Other government priorities which will be tracked in the overhaul include halving knife crime in a decade and rebuilding neighbourhood policing.
However she insisted the new Police Performance Unit, which will be run by both civil servants and police leaders, is not about “arbitrary targets”.
“The statute of the performance unit is not about setting arbitrary targets for police forces,” she said. “It is about making sure that we’ve got the information.”
Her comments come after she unveiled the major overhauls in a speech to police leaders, as she called for forces to face some “difficult truths” about struggles facing policing, with fewer crimes solved, eroding public confidence and governance which fails to prevent abuse by rogue officers.
She said her reforms will trigger a “fundamental reset” in the relationship between policing and government.
She confirmed more than half a billion pounds of additional funding from central government next year to neighbourhood policing, the National Crime Agency (NCA) and counter-terrorism.
However she warned fulfilling their pledge to boost neighbourhood officer numbers by 13,000, including police community support officers and specials, will take time.
Police forces will also be “compensated” for the rise in employer national insurance contributions separately from the funding boost, Cooper said.
Gavin Stephens, chair of the National Police Chiefs’ Council, told the conference “policing needs to change” as he said the reforms are a once a generation opportunity to transform forces.

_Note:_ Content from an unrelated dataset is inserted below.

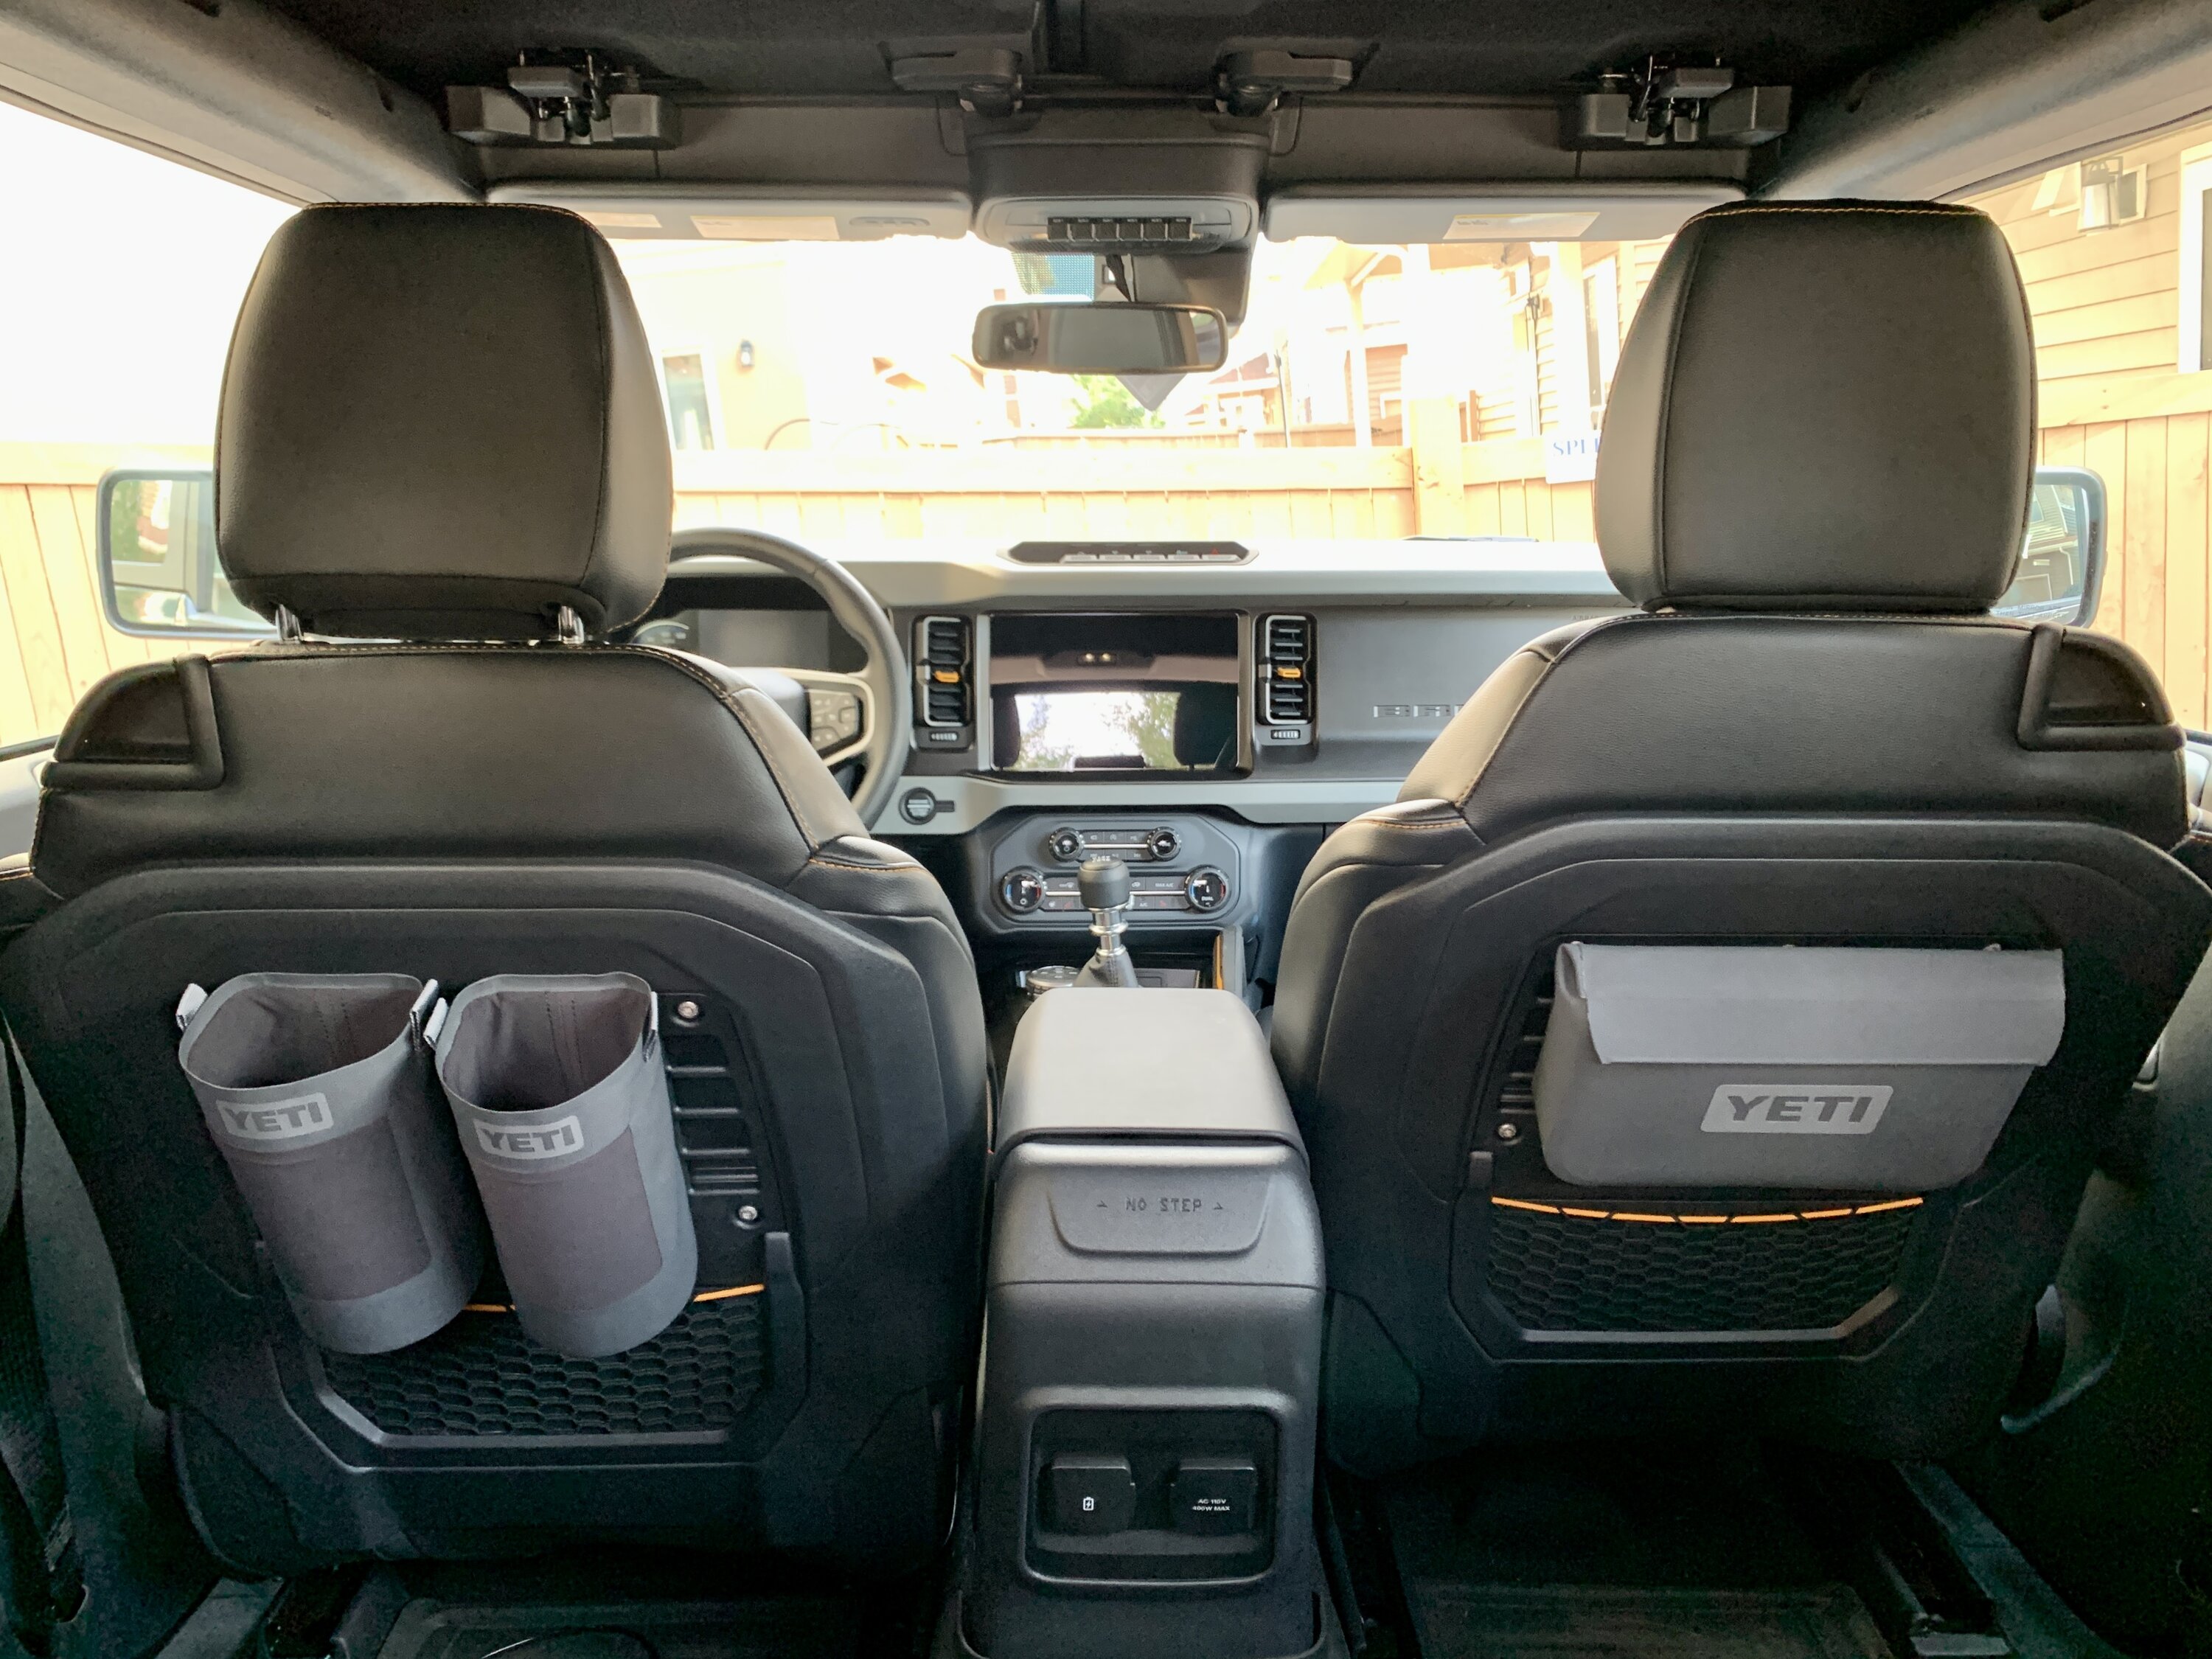 YETI Rambler Sling & SideKick on Seat Molle Panels
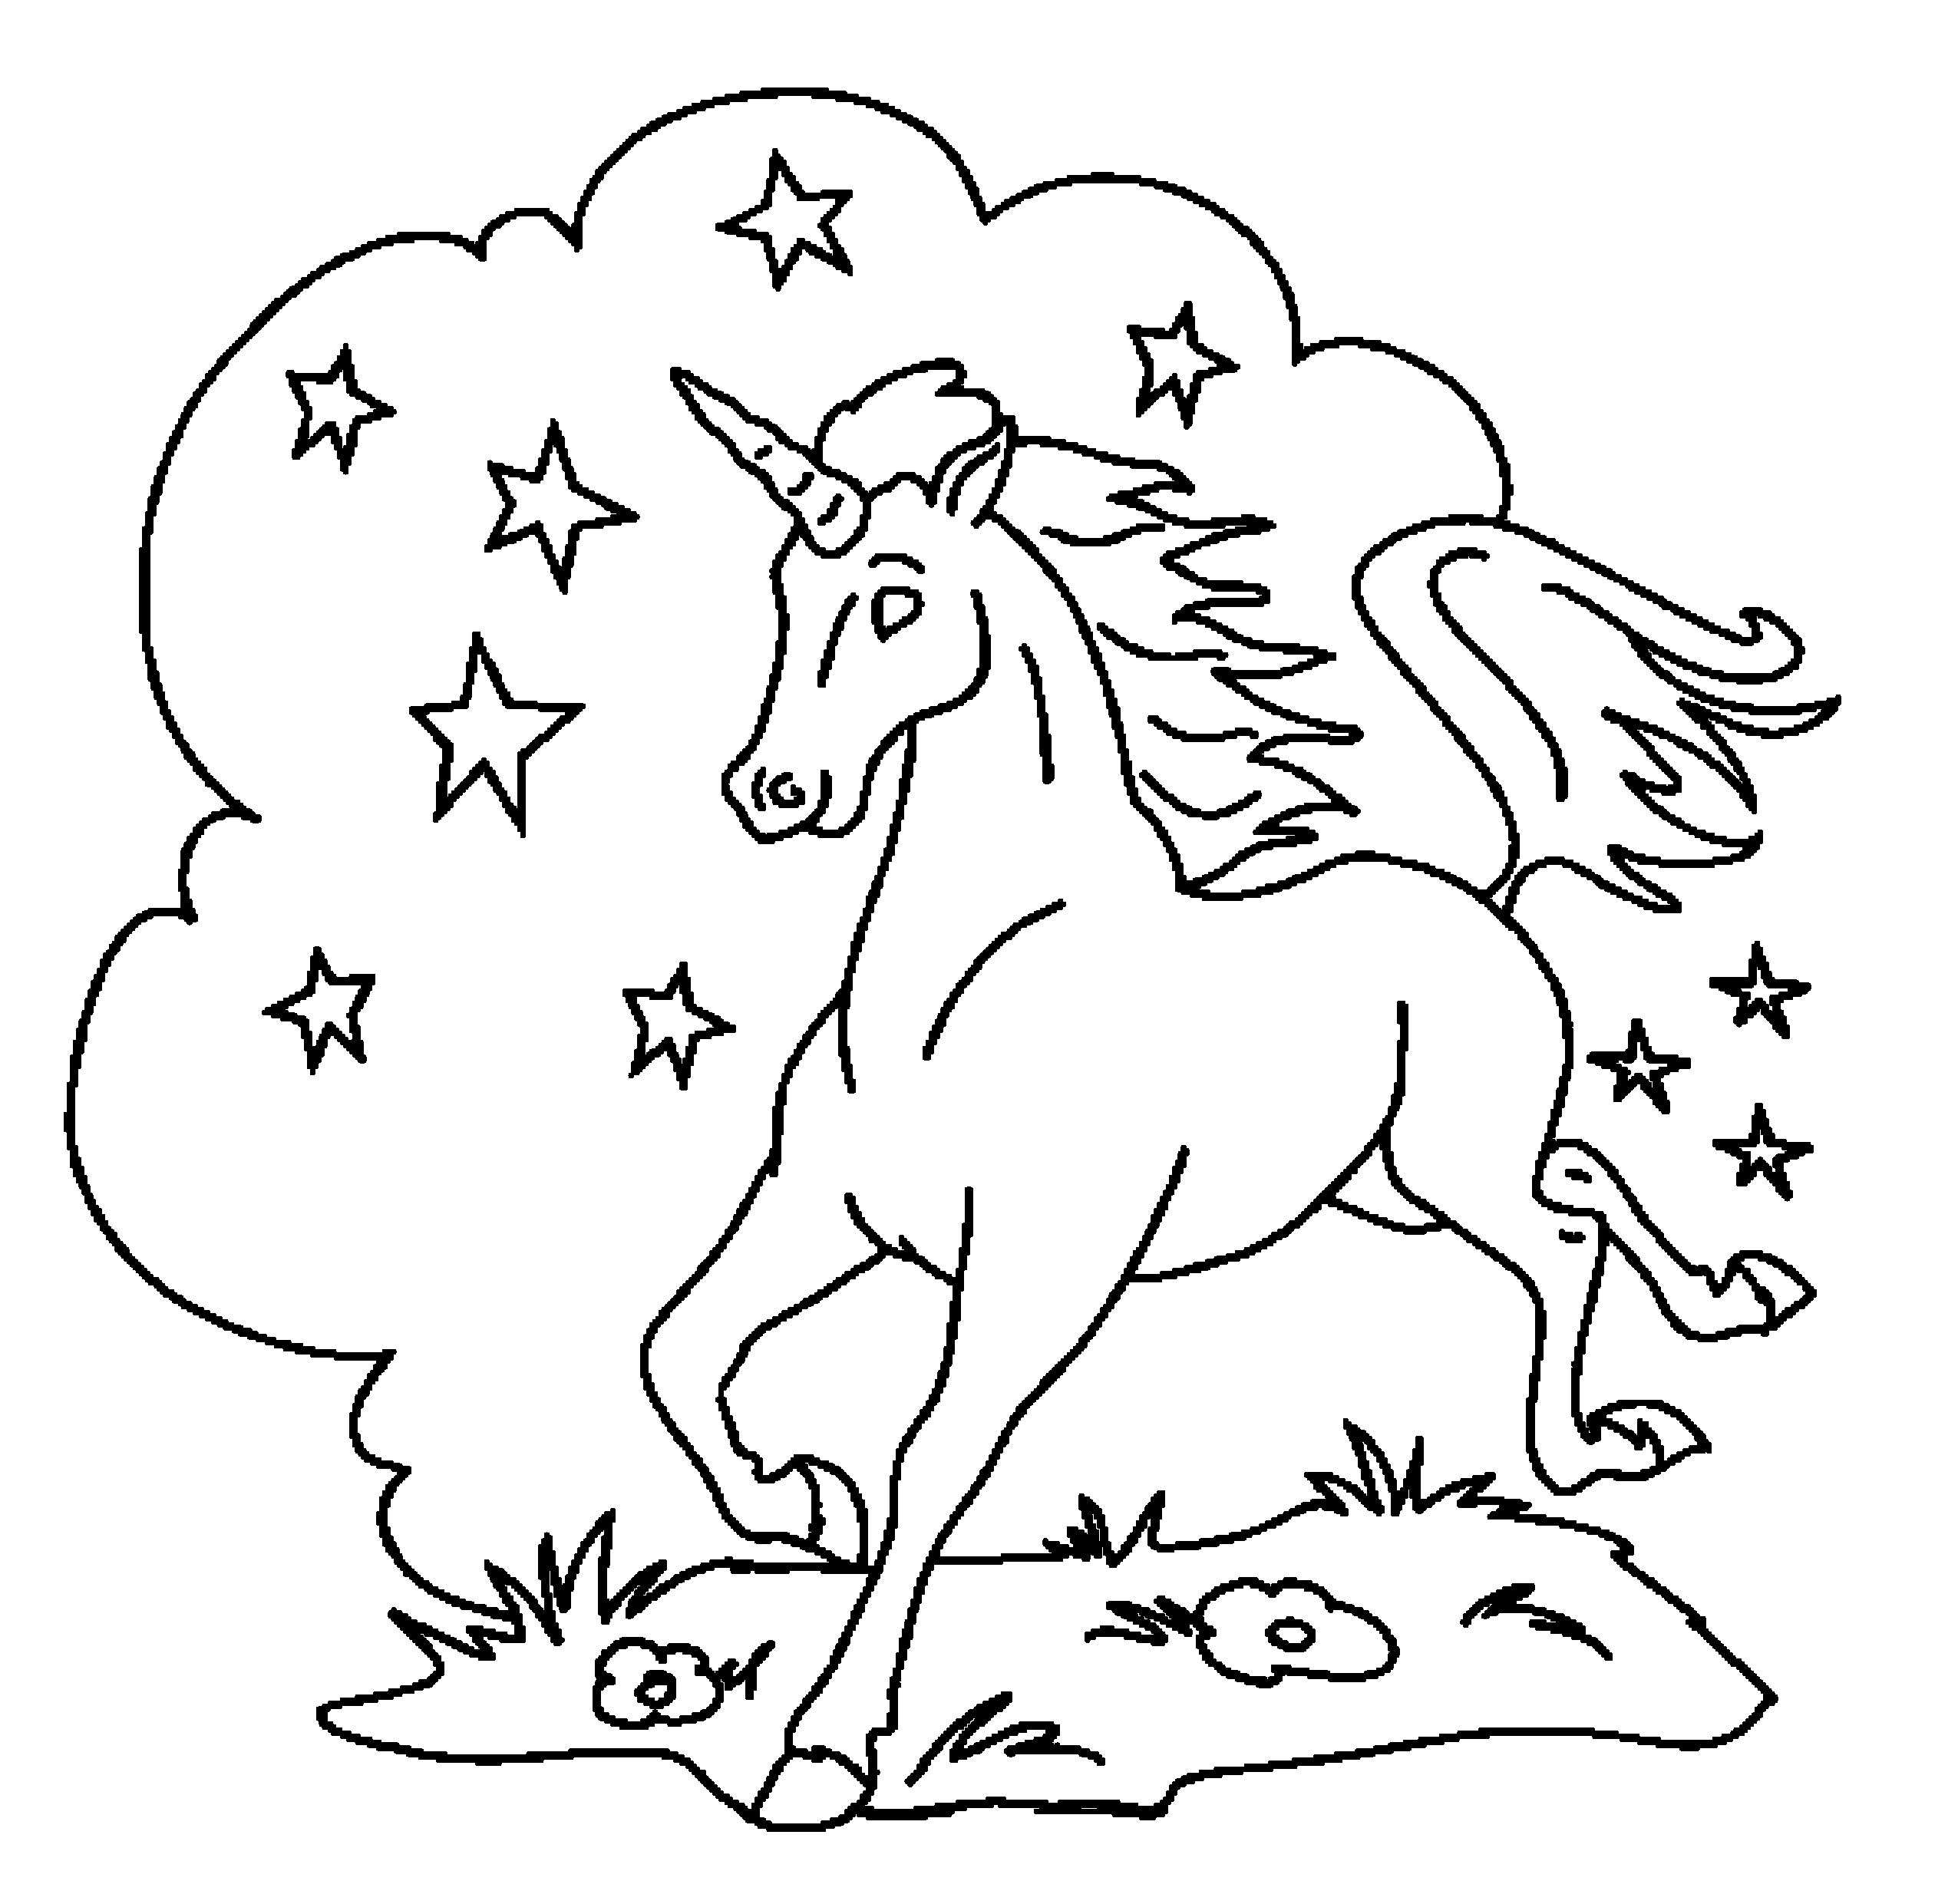 unicorns coloring pages coloring pages unicorn coloring pages free and printable coloring pages unicorns

He said there are too many decision makers in the current structure of 43 geographical forces in England and Wales, that leads to inertia.
He told delegates: “The world around us has changed beyond recognition yet we remain rooted in a system designed in the early 1960s, before mobile phones, the internet, even the M25 which came along two decades later.”
UK police chiefs are looking at countries including Australia, Japan, Norway, the Netherlands and Denmark as models for a new structure and have been in discussions for a year over the plans for a new national police performance unit.
“I see this less as return to league tables and more a look ahead to what is the really great stuff that’s happening in policing, how we identify it quickly and how we get spread amongst everybody else,” Mr Stephens told reporters.
He said the idea of national-level policing is not new, citing counter terror and fraud teams as examples of centralised units.
Emily Spurrell, chair of the Association of Police and Crime Commissioners, said the national unit will help forces to understand how they are performing.
She added: “One of my great frustrations as a PCC is that I will say, ‘well, how do we compare to Greater Manchester or West Yorkshire down the road?’ And nobody can tell me, because everything is measured differently.
“So I think it’s less about targets and more about being able to say, well, actually, how do you compare to other forces that are similar to you.”
The policing reforms will be set out in a White Paper, due to be published in the spring.
A full breakdown of the additional funding will be published as part of the police settlement in December.